La voce rude e bassa lo sorprese alle spalle mentre scendeva il buio.
– Ehi, George.
Era l’ora della preghiera serale, quando sotto la luce normale non distinguevi un filo nero da uno bianco. George mise mano alla cintura e si voltò, brandendo il coltello da frutta. Per tutta Istanbul, i muezzin nei minareti buttarono indietro la testa e intonarono la loro nenia.
Era l’ora giusta per ammazzare a calci un uomo in mezzo alla strada.
I rochi ululati percorsero a ondate convulse il Corno d’Oro, dove i barcaioli greci accendevano le lanterne dei loro guizzanti caicchi. Investirono la città di Pera, poche luci balenanti dal crinale scuro della collina di Galata. Lambirono il Bosforo, fino a Üsküdar, una macchia viola che sfumava nel nero delle montagne, e tornarono indietro dalla sponda asiatica, riecheggiati dalle moschee a fior d’acqua.
Un piede gli centrò le reni. George spalancò le braccia e barcollò verso un uomo che aveva il muso lungo come per un dispiacere.
Uno dopo l’altro, i muezzin innalzarono il loro grido, sempre piú forte, intrecciando un canto scintillante che esprimeva in mille modi la debolezza dell’uomo e l’unicità di Dio.
Il coltello non serví piú a niente.
La chiamata alla preghiera durò un paio di minuti, ma per George terminò prima. L’uomo dalla faccia triste si chinò a raccogliere il coltello. Era affilatissimo, ma aveva la punta spezzata. Non era adatto per un combattimento. Lo gettò fra le ombre.
Quando gli uomini tolsero il disturbo, un cane giallo sbucò cautamente da un uscio poco lontano. Un altro si allungò sul ventre e si accucciò, con un guaito speranzoso. La sua coda picchiava per terra. Il cane giallo lanciò un ringhio sommesso e mostrò i denti.
Maximilien Lefèvre si sporse dal parapetto e gettò il sigaro nella spuma che ribolliva dai fianchi del bastimento. La Punta del Serraglio andava disegnandosi di prua a sinistra, gli alberi ancora neri e fitti nella luce mattutina. Mentre la nave doppiava la Punta, rivelando la Torre di Galata sulla collina di Pera, Lefèvre estrasse dalla manica un fazzoletto per pulirsi le mani: erano appiccicose per l’aria salmastra.
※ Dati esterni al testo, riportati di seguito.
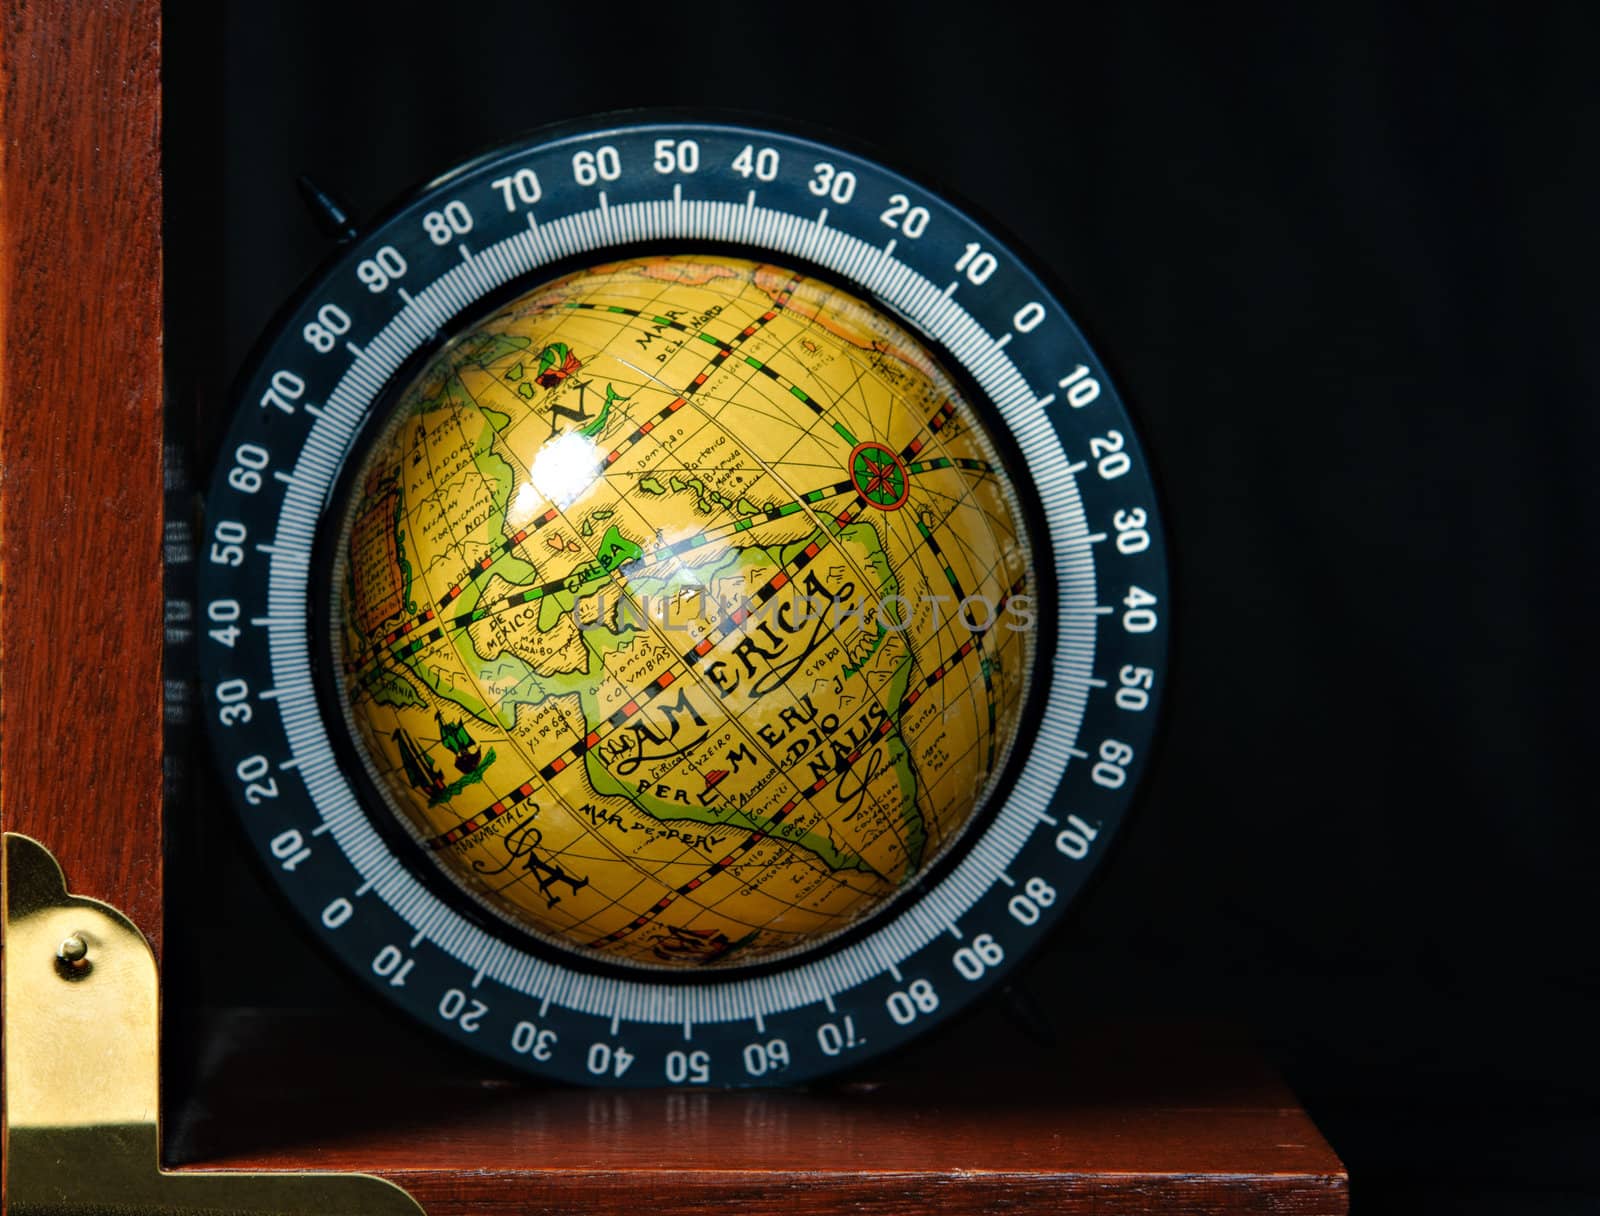 A bookend in the shape of a world globe, shot against a dark background

Guardò le mura del palazzo imperiale, tergendosi la nuca con il fazzoletto. Nel quarto cortile del serraglio, seminascosta fra gli alberi, c’era un’antica colonna sormontata da un capitello corinzio, che a volte era visibile dal mare. Forse era l’ultimo vestigio di un’acropoli sorta in quell’area molti secoli addietro, quando Bisanzio era solo una colonia greca. Prima che diventasse una seconda Roma, prima che diventasse l’ombelico del mondo. La gente non sapeva che la colonna esisteva ancora: a volte la vedevi, altre no.
La nave beccheggiò e Lefèvre lanciò un grugnito di soddisfazione.
La riva stambuliota del Corno d’Oro si profilò all’orizzonte, una sfilata di cupole e minareti che balzavano in avanti, una dopo l’altro, per poi ritrarsi pudicamente. Sotto le cupole, sparsi a cascata sull’affollato litorale, i tetti di Istanbul, tinti di rosso e arancione nel primo sole. Era il panorama che lasciava sempre ammirati i visitatori: Costantinopoli, Istanbul, città di patriarchi e di sultani, frenetico caleidoscopio del meraviglioso Oriente, orgoglio di quindici secoli.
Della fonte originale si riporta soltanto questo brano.